Si no quiere ir, me aseguraré de que esta manada, todos ustedes, la protejan con sus vidas.
Eso es lo que representa esta manada – unidad, lealtad y confianza.
—No está para satisfacer los caprichos de la minoría.
Ninguna omega es un peón para ser usado en juegos de poder y control.
—La voz de Reana era como hielo, sus palabras atravesando las pretensiones de los miembros del consejo—.
La seguridad y felicidad de Mirian son primordiales.
Si ella elige irse con Detroit, será porque quiere, no porque esté coaccionada a hacerlo.
Su mirada recorrió la sala, desafiando a cualquiera a estar en desacuerdo.
—No sacrificaré a uno de los nuestros por el bien de la política.
Mi padre no lo hizo, mi abuelo no lo hizo, ¡así que esta práctica diabólica no se manifestará bajo mi vigilancia!
Y con eso, se levantó de su asiento.
—Parece que la jubilación podría servirle mejor a algunos de ustedes.
—Caminando hacia la entrada, añadió:
— Comenzaré a considerarlo.
Era una amenaza de despojarlos de sus títulos, y la advertencia no pasó desapercibida para ellos.
…
Suspiro…
—No tenías que lastimarte para mostrarles que estabas enojada, Mi Luna —dijo Ryder mientras sacaba cuidadosamente el fragmento de madera de la palma de Reana.
Reana hizo una leve mueca cuando la madera salió, pero su expresión se mantuvo severa.
—No se trataba de mostrarles ira, Ryder —dijo, con voz firme—.
Se trataba de dejar claro un punto.
Ryder no dijo nada.
Levantó su mano hacia su rostro, sacó la lengua mientras lamía la sangre de su palma, sus ojos manteniéndola inmóvil en su lugar.
La mirada de Reana se suavizó ligeramente ante el gesto inesperado, sus ojos fijándose en los de Ryder.
La tensión que se había acumulado en su interior comenzó a deshacerse lentamente.

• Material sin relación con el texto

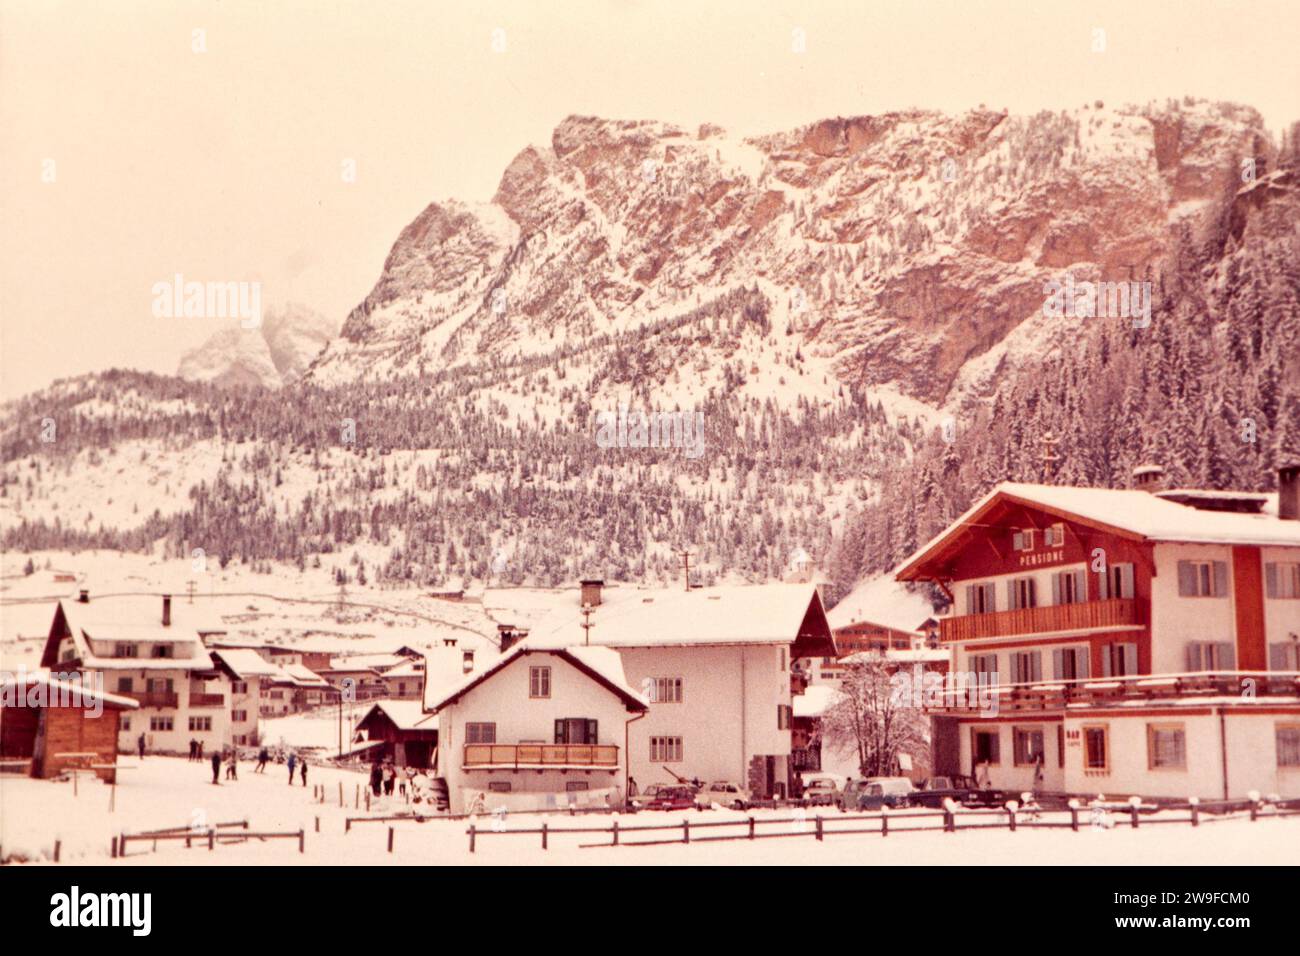 Vista invernale sul paese dell'Alpe di Siusi, alto Adige a metà degli anni sessanta Foto Stock
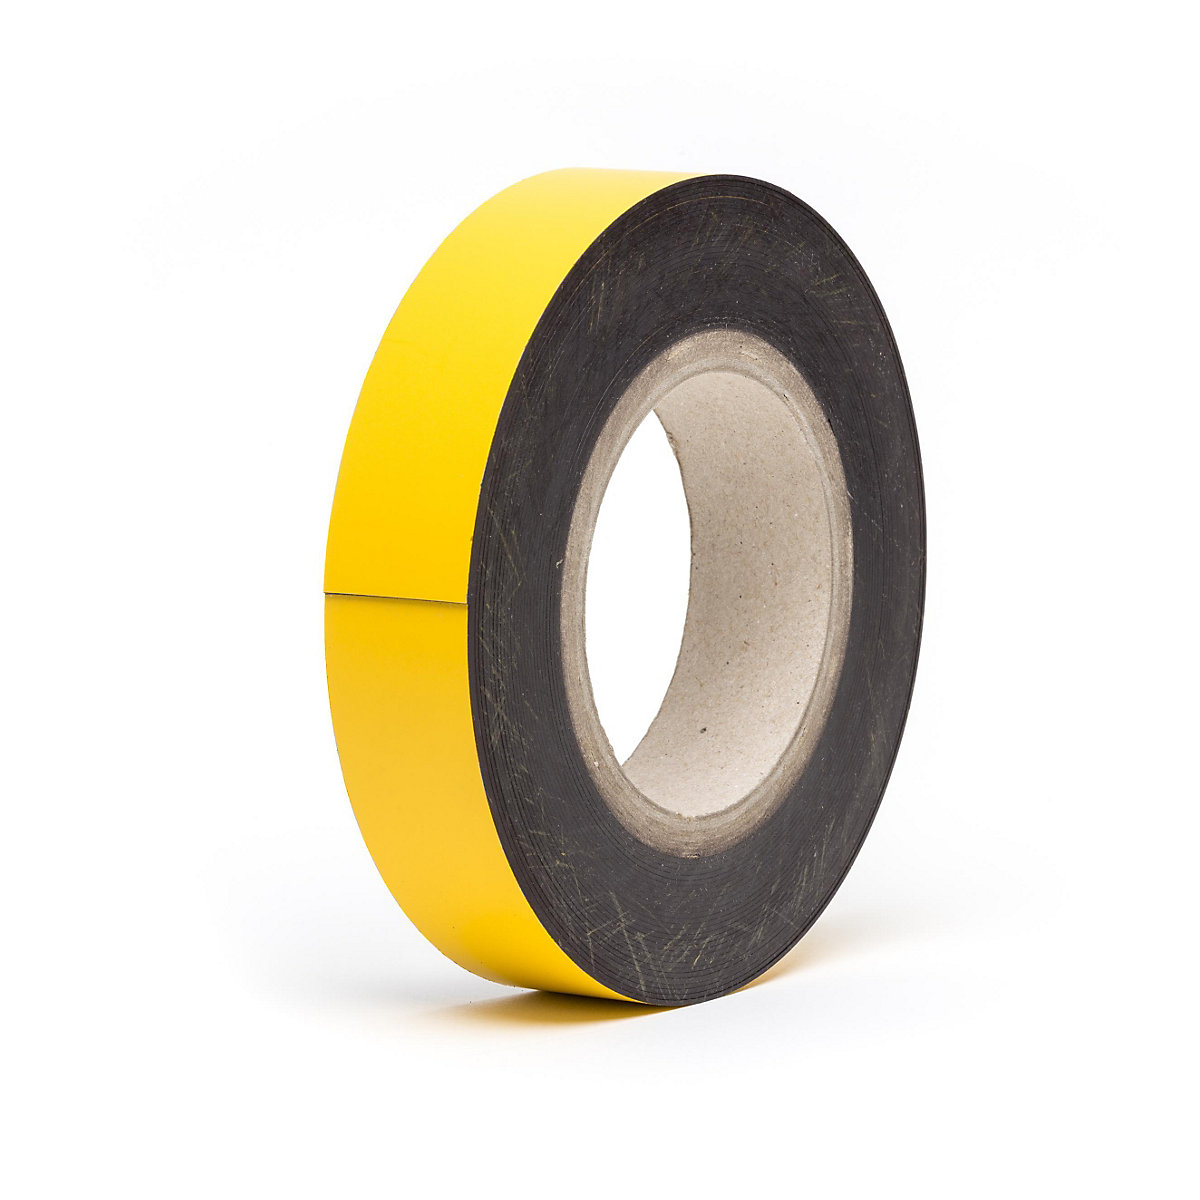 Rótulos magnéticos para almacén, mercancía en rollo, amarillo, altura 30 mm, longitud de rollo 10 m-14

Su corazón se saltó un latido cuando la punta de su lengua se apartó de la herida que se curaba hacia sus dedos.
Luego, giró el dorso de su mano y plantó un suave beso en sus nudillos.
—Insisto en que no te lastimes cuando estés enojada.
El rostro de Reana se sonrojó.
Retiró su mano – la herida se había cerrado y la sangre había desaparecido.
—¿Me estás dando órdenes ahora, Ryder?
—su voz era severa y sus ojos eran fríos, pero el rubor en su rostro decía otra cosa.
Los ojos de Ryder brillaron con diversión, pero su expresión permaneció inocente.
—¿Yo?
Nunca —dijo, su voz goteando sarcasmo.
El rubor de Reana se intensificó, y no pudo evitar sonreír.
Por un momento, se olvidó del consejo y del drama que acababa de desarrollarse.
Todo lo que veía era a Ryder, con sus ojos arrugándose en las esquinas, sus labios curvados en una suave sonrisa.
—Eres un mal mentiroso, Ryder —dijo, su voz suavizándose.
Por supuesto que no lo era, y ella lo sabía bien – Él le había mentido sin esfuerzo desde el primer día.
Ryder se rio, —Lo tomaré como un cumplido, Mi Luna.
Reana sonrió y apoyó su cabeza en su hombro.
Los dos permanecieron así, en silencio.
El sol de la mañana, el canto de los pájaros y el rico aroma de las flores llenando sus narices.
Lentamente, Ryder movió su peso, el columpio comenzó a mecerse suavemente – sus cuerpos moviéndose hacia adelante y hacia atrás – y los ojos de Reana se cerraron.
El movimiento era relajante, y el calor del cuerpo de Ryder reconfortante.
Por un momento, simplemente existieron, nadie dijo una palabra, respiró demasiado fuerte o se movió.
Y luego, después de lo que pareció una eternidad, Reana rompió el silencio.
—¿Sabes cuál es la parte más difícil de ser líder?